Data shown section start

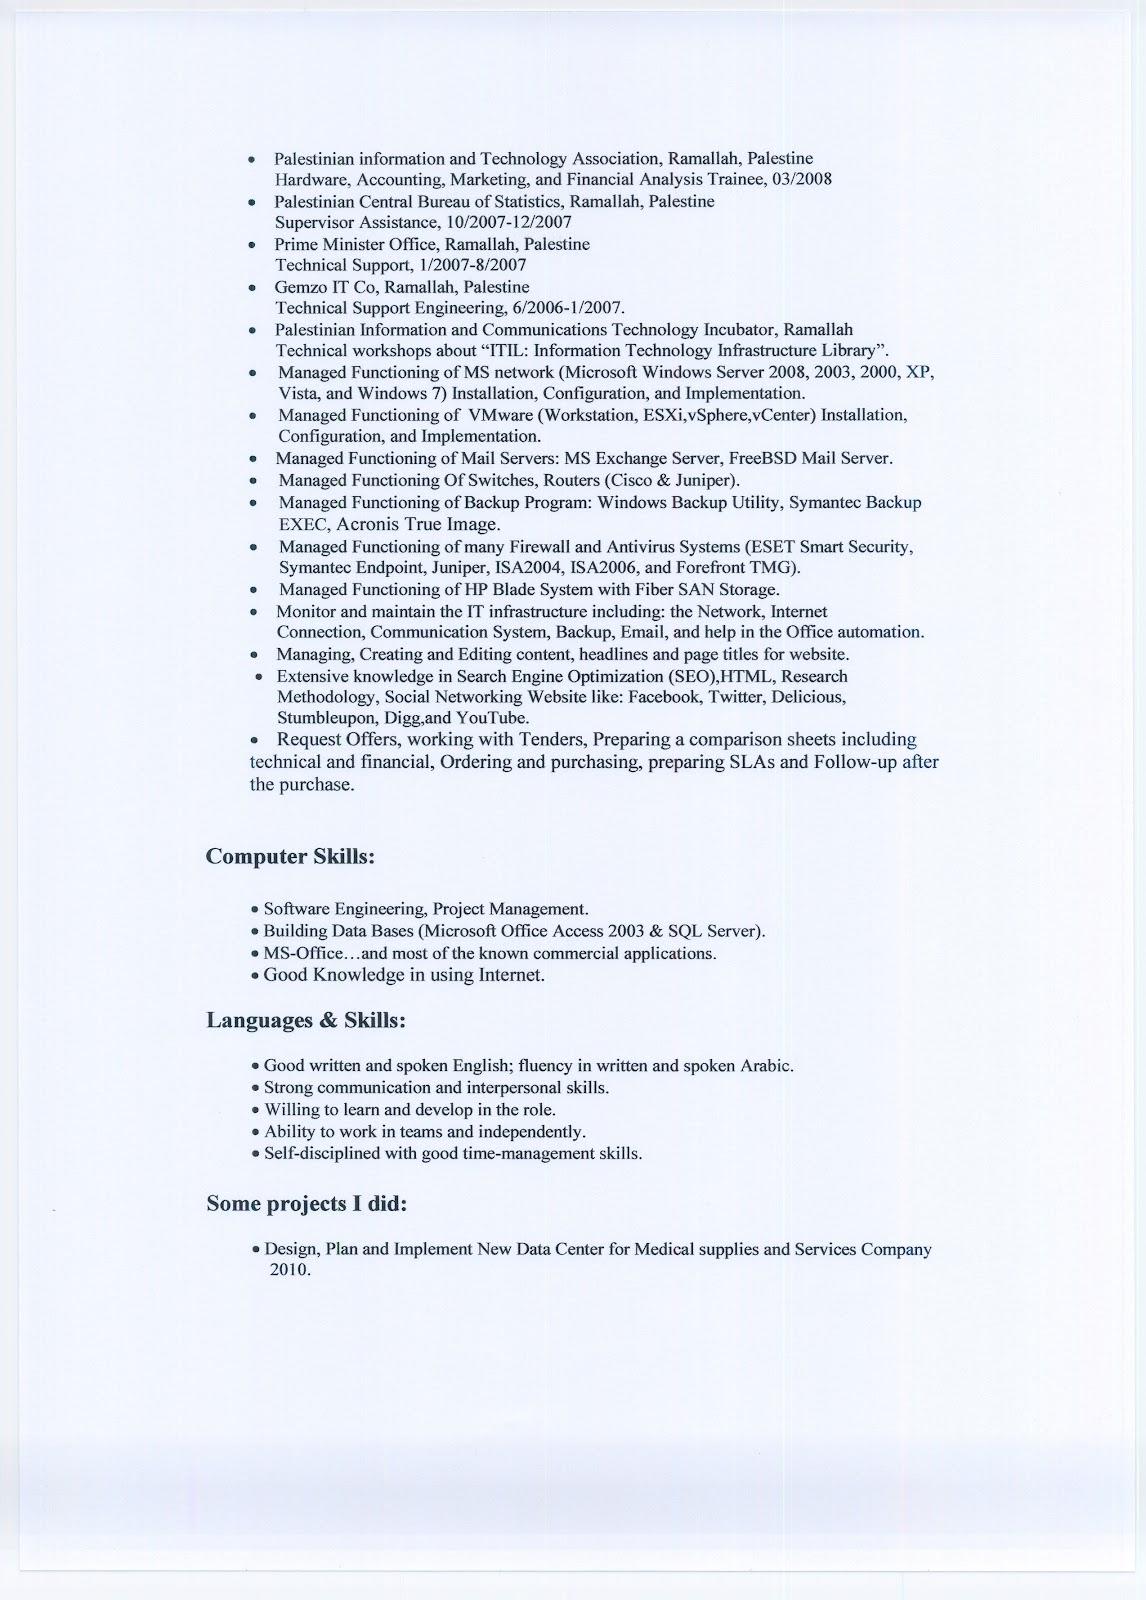 how to write a cv cv example how to write a cv cv example cv template
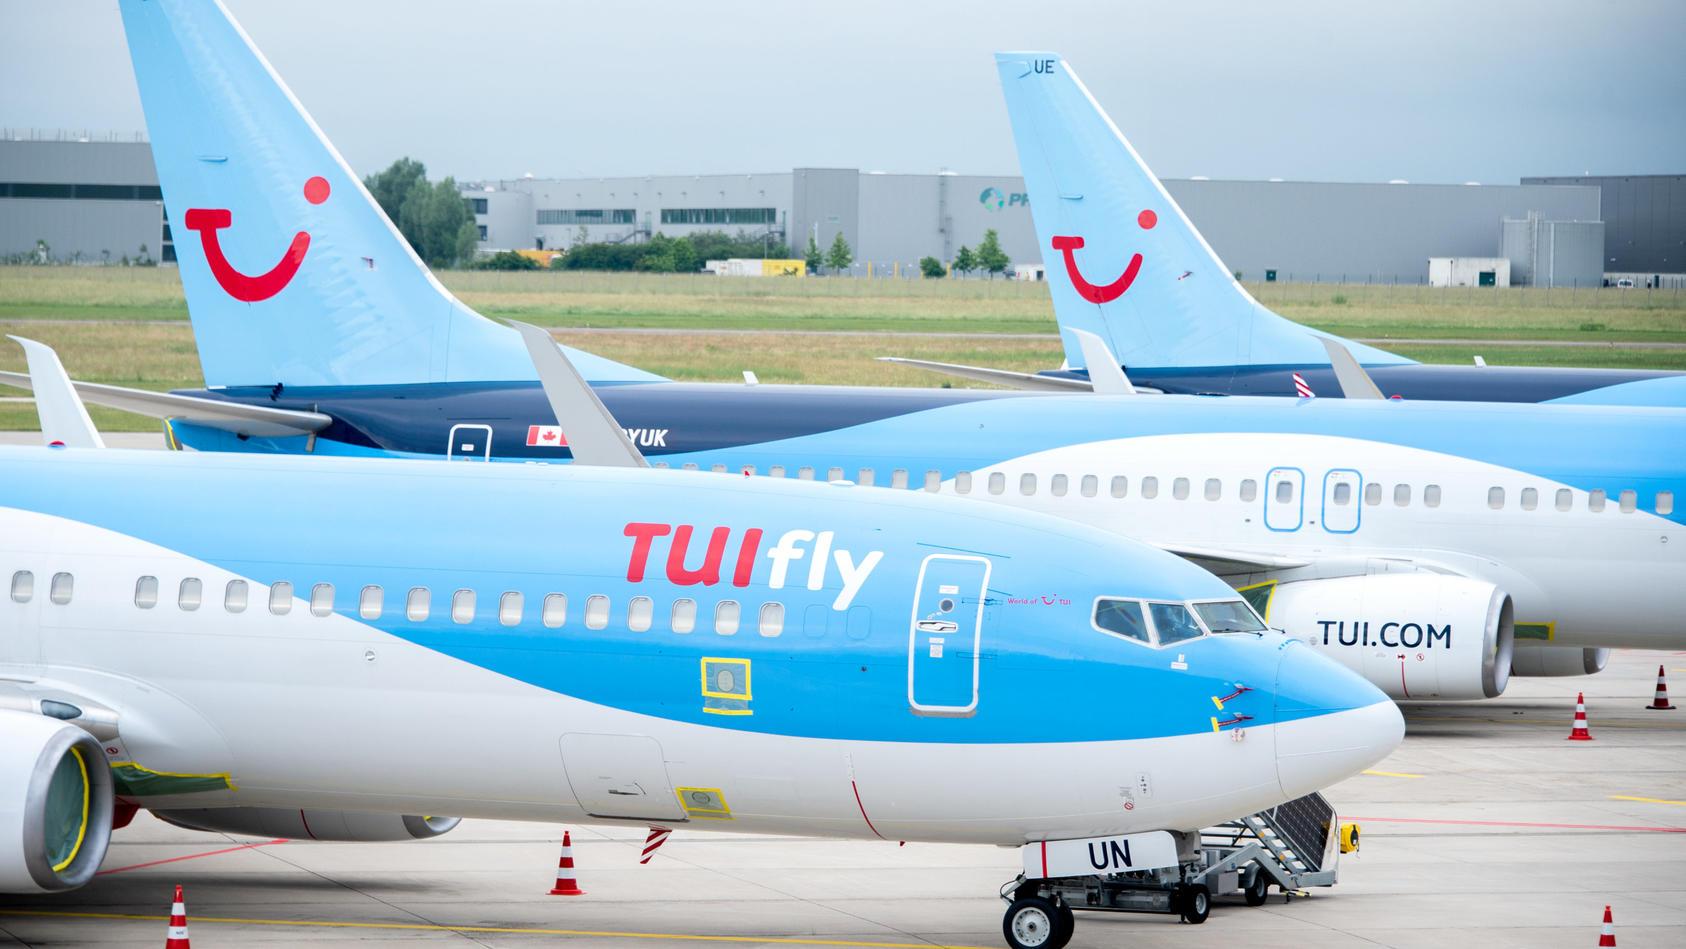 Deutsche Touristen durften im Zuge eines Pilotprojekts von TUI schon vor dem 21. Juni auf die Insel - eigentlich.
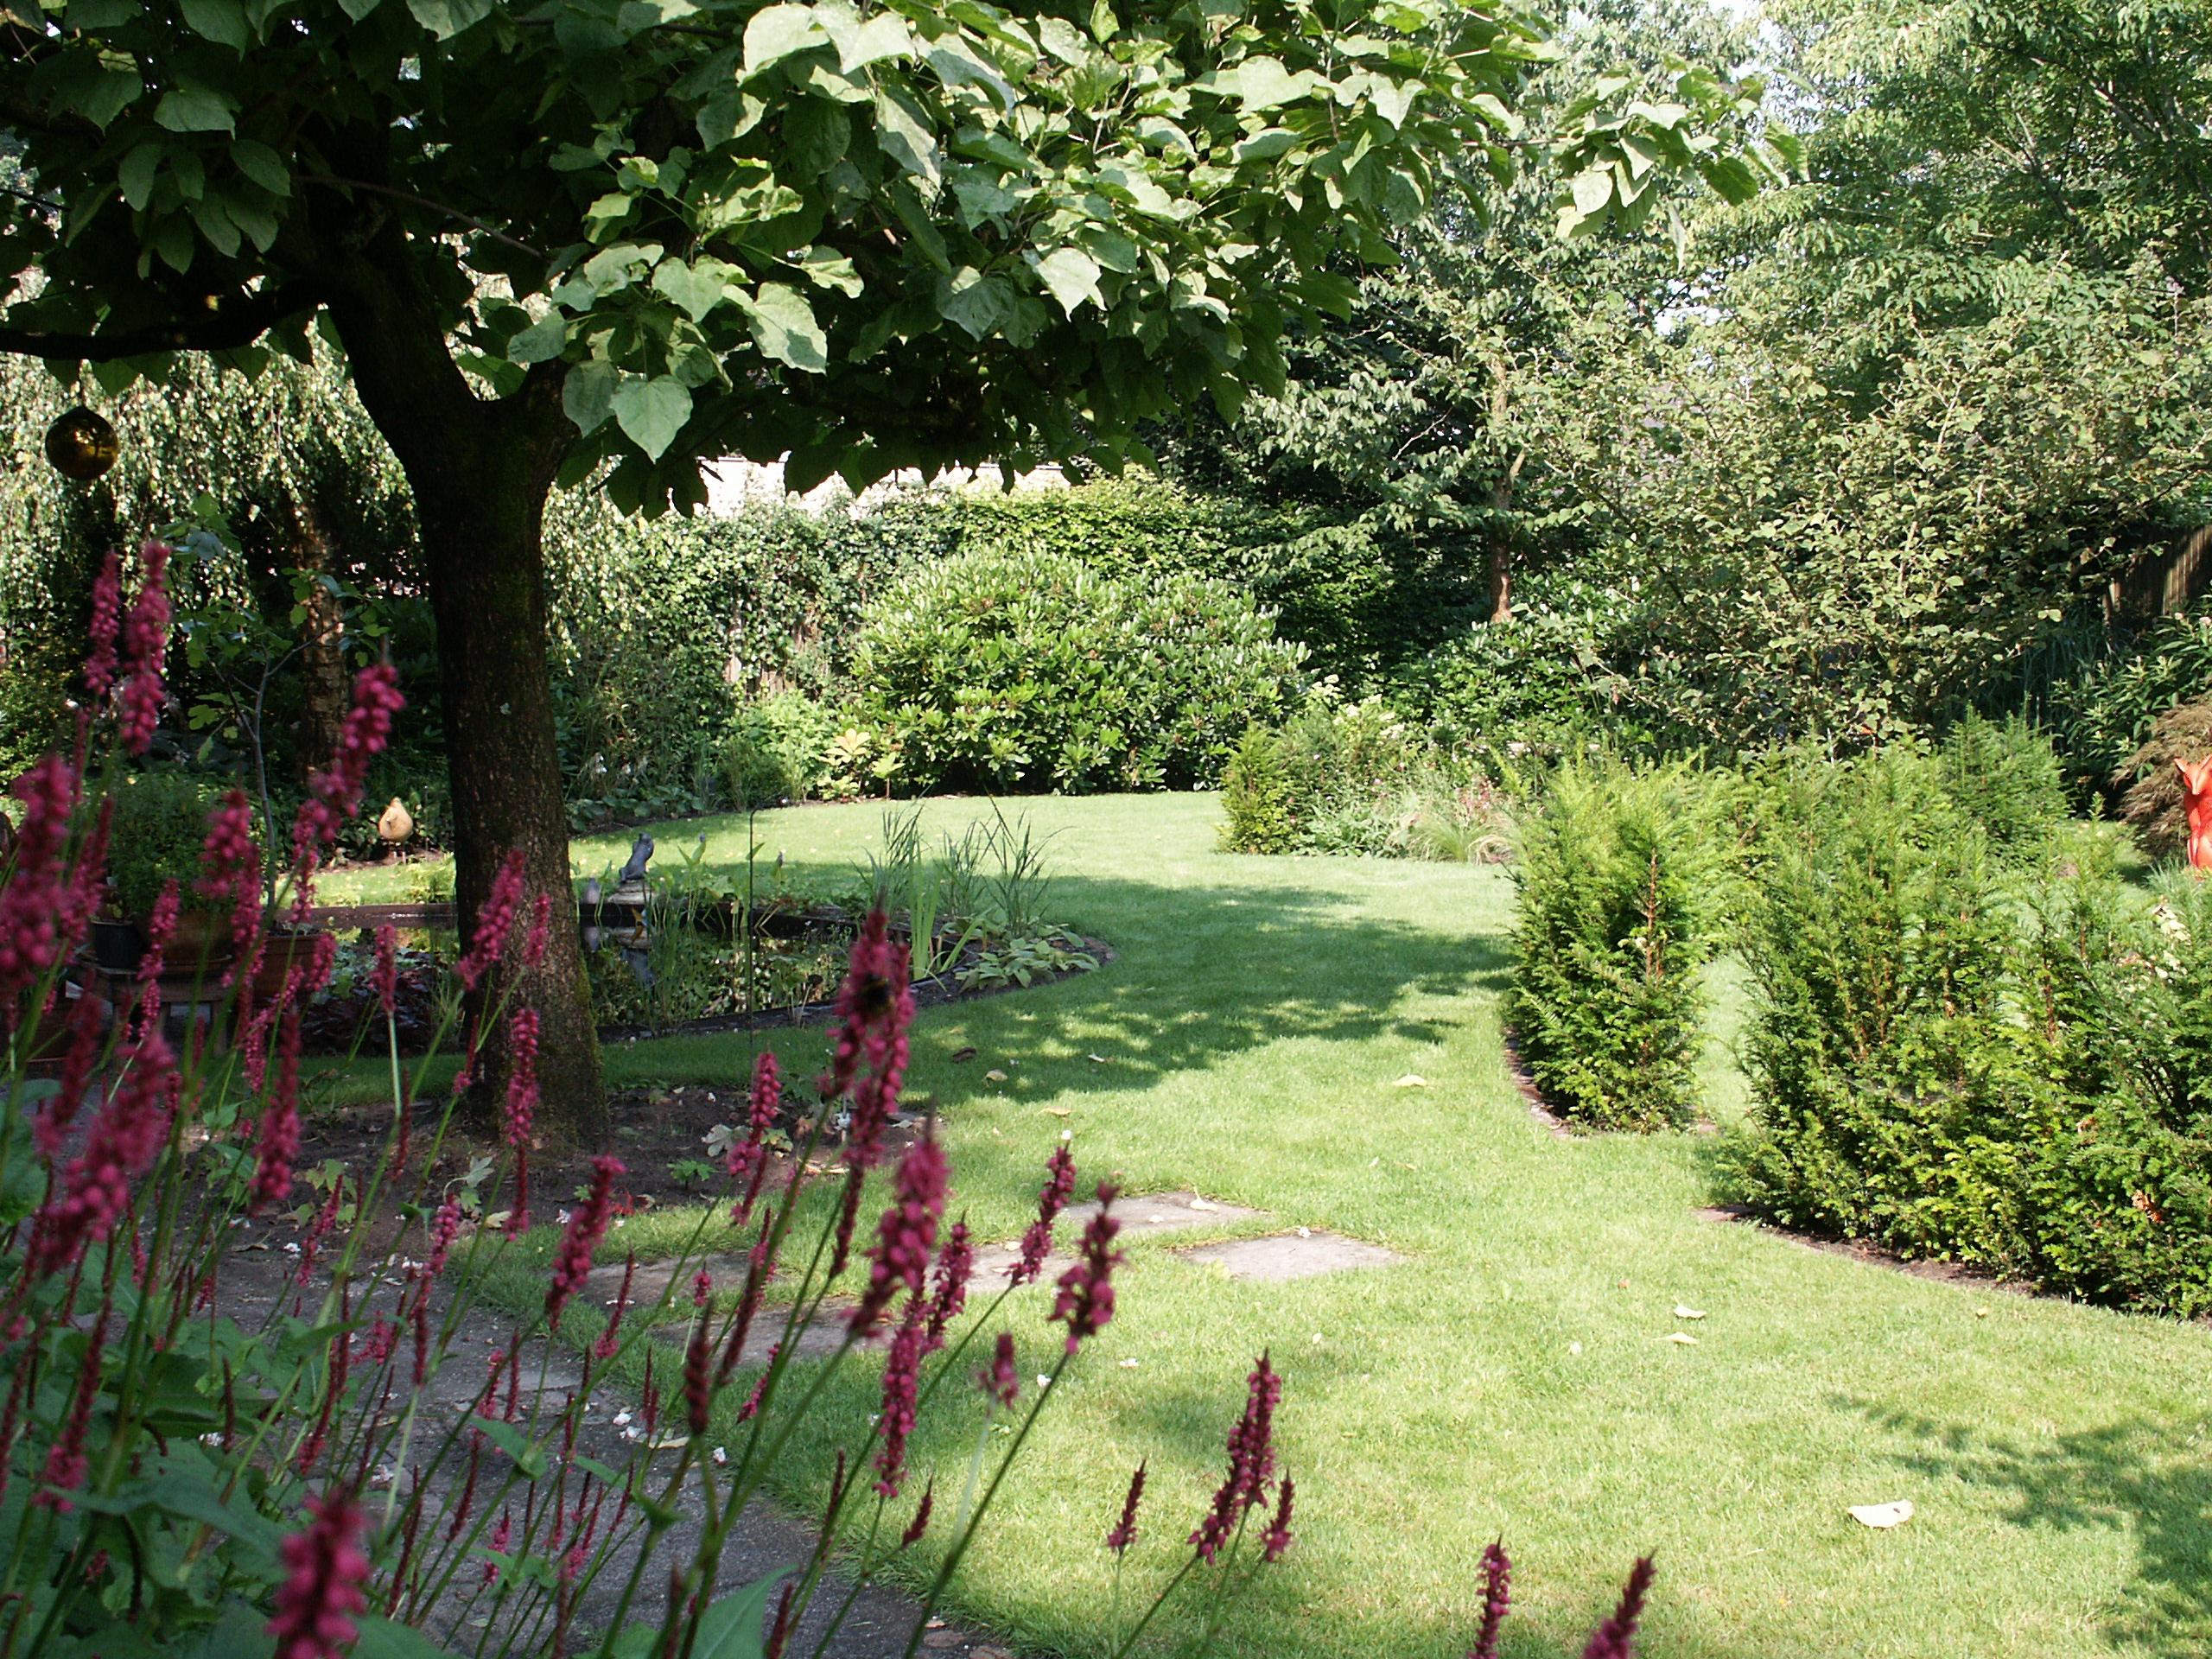 de Buitenkamer tuinontwerp, Grave, tuin met organische vormen Schaijk 4

Data shown section end

### Required work
Without the pictures, repeat the listing above exactly.

### Exercise response
 how to write a cv cv example how to write a cv cv example cv template
 Deutsche Touristen durften im Zuge eines Pilotprojekts von TUI schon vor dem 21. Juni auf die Insel - eigentlich.
 de Buitenkamer tuinontwerp, Grave, tuin met organische vormen Schaijk 4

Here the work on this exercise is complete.